--- Input data ---

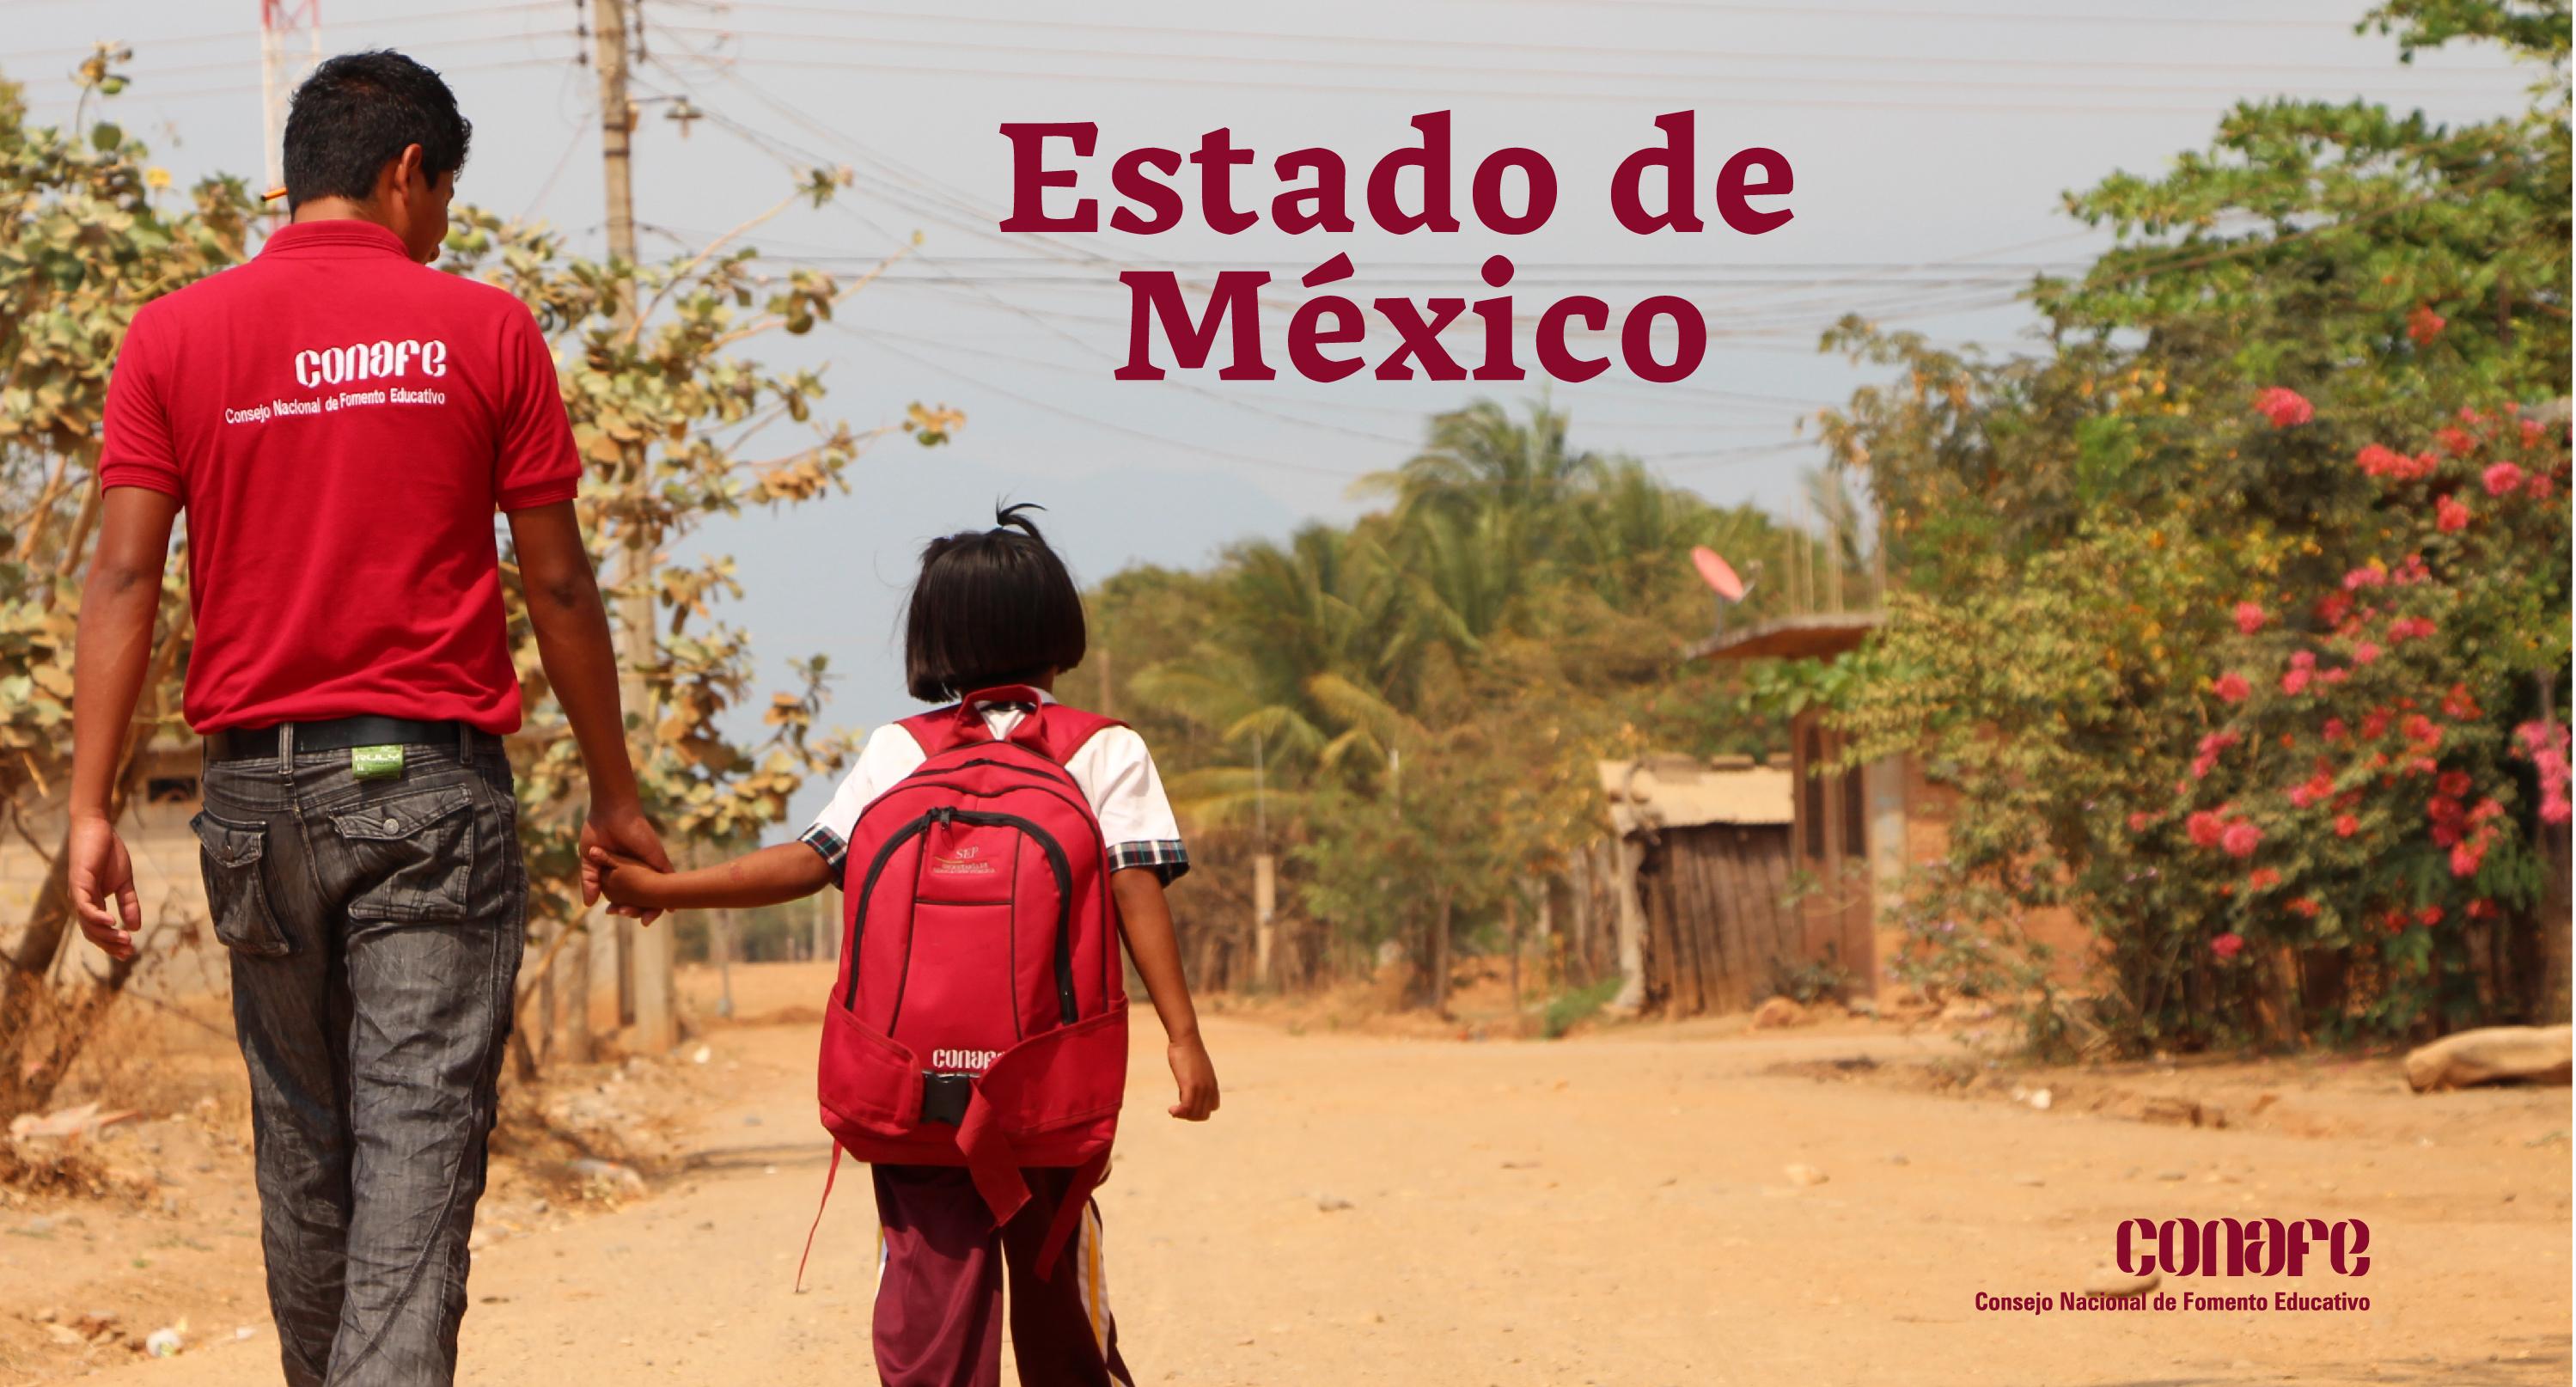 Delegación Conafe Estado de México
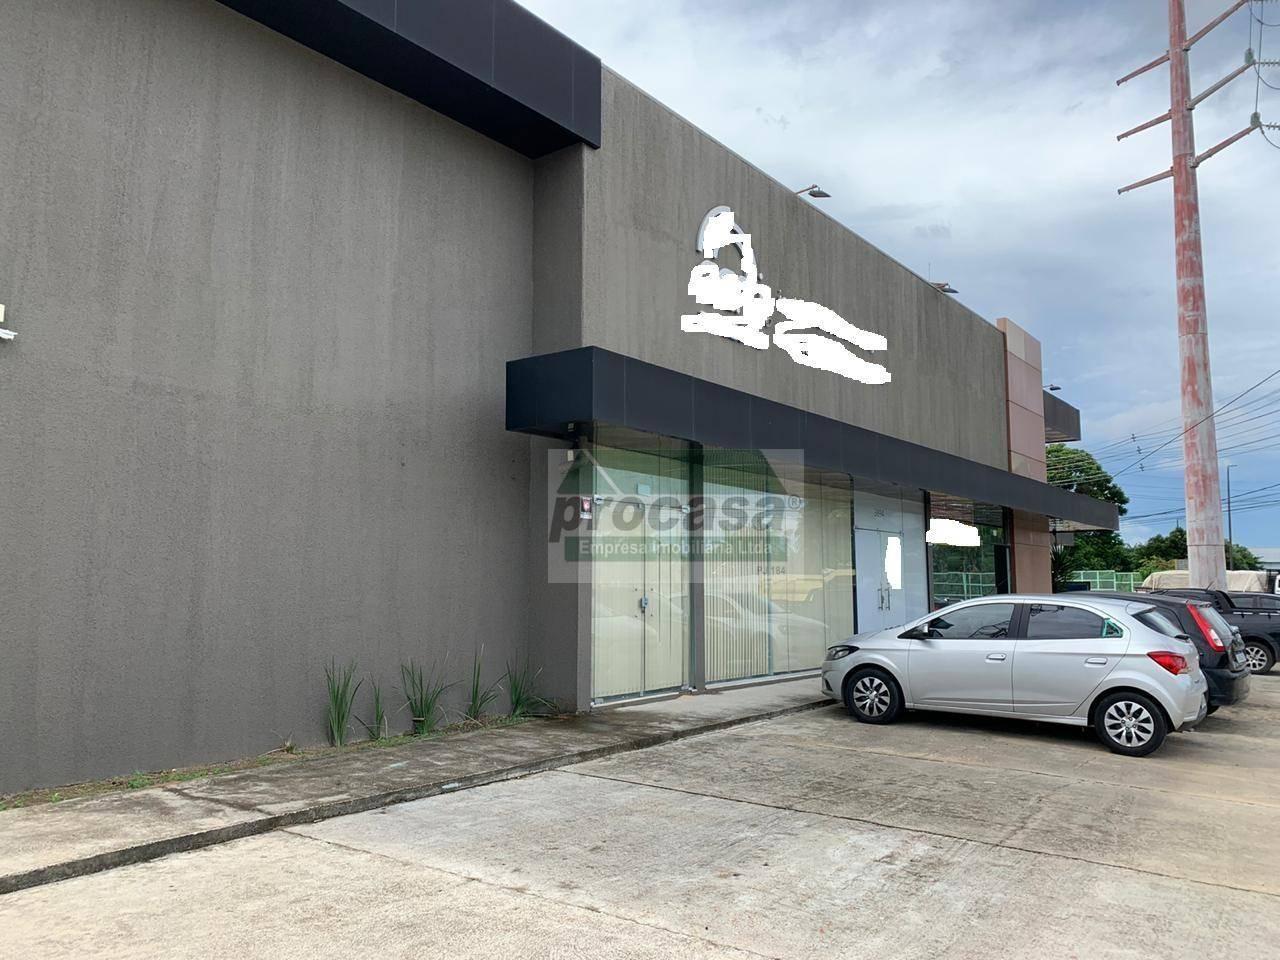 Loja para alugar, 165 m² por R$ 6.000/mês - Distrito Industrial I - Manaus/AM
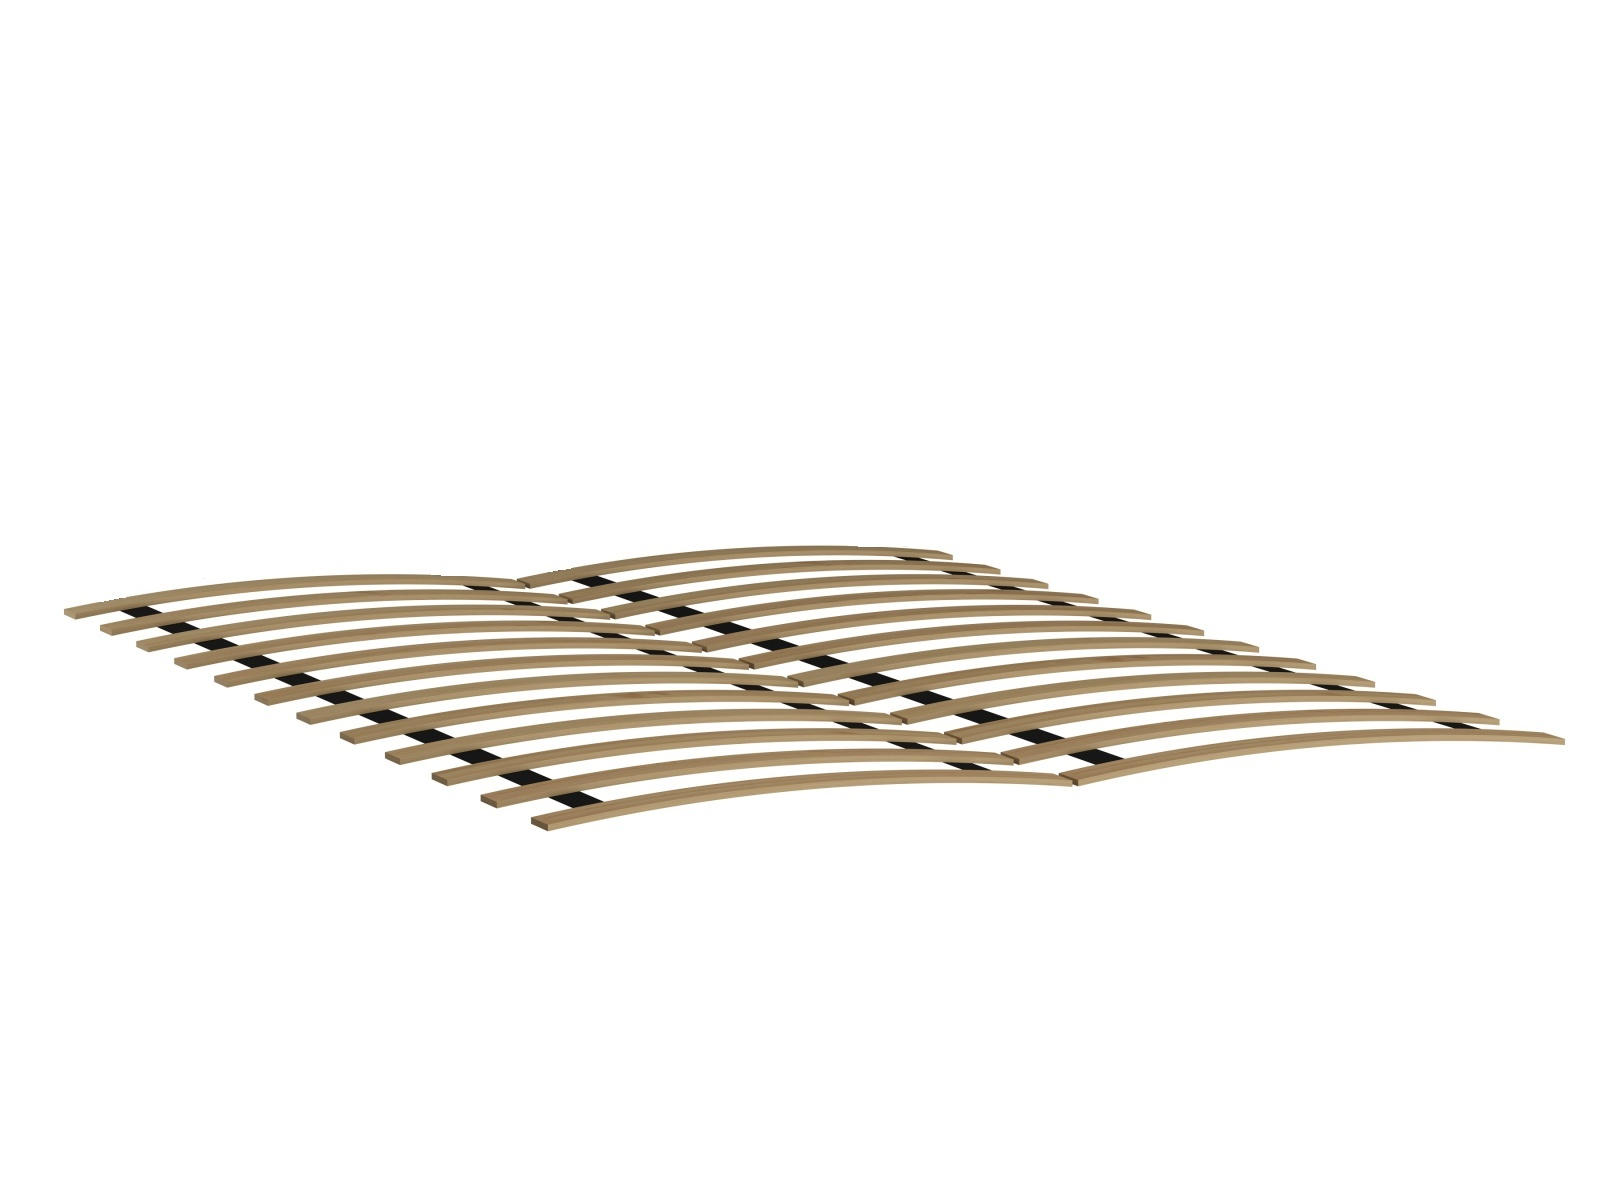 MAGNAT Rošt 160x200 cm, lamelový

---

▸ Task requirements:
Everything in the material above should be reproduced exactly, except the pictures.

▸ Output:
 Delegación Conafe Estado de México
 Loja para alugar, 165 m² por R$ 6.000/mês - Distrito Industrial I - Manaus/AM
 MAGNAT Rošt 160x200 cm, lamelový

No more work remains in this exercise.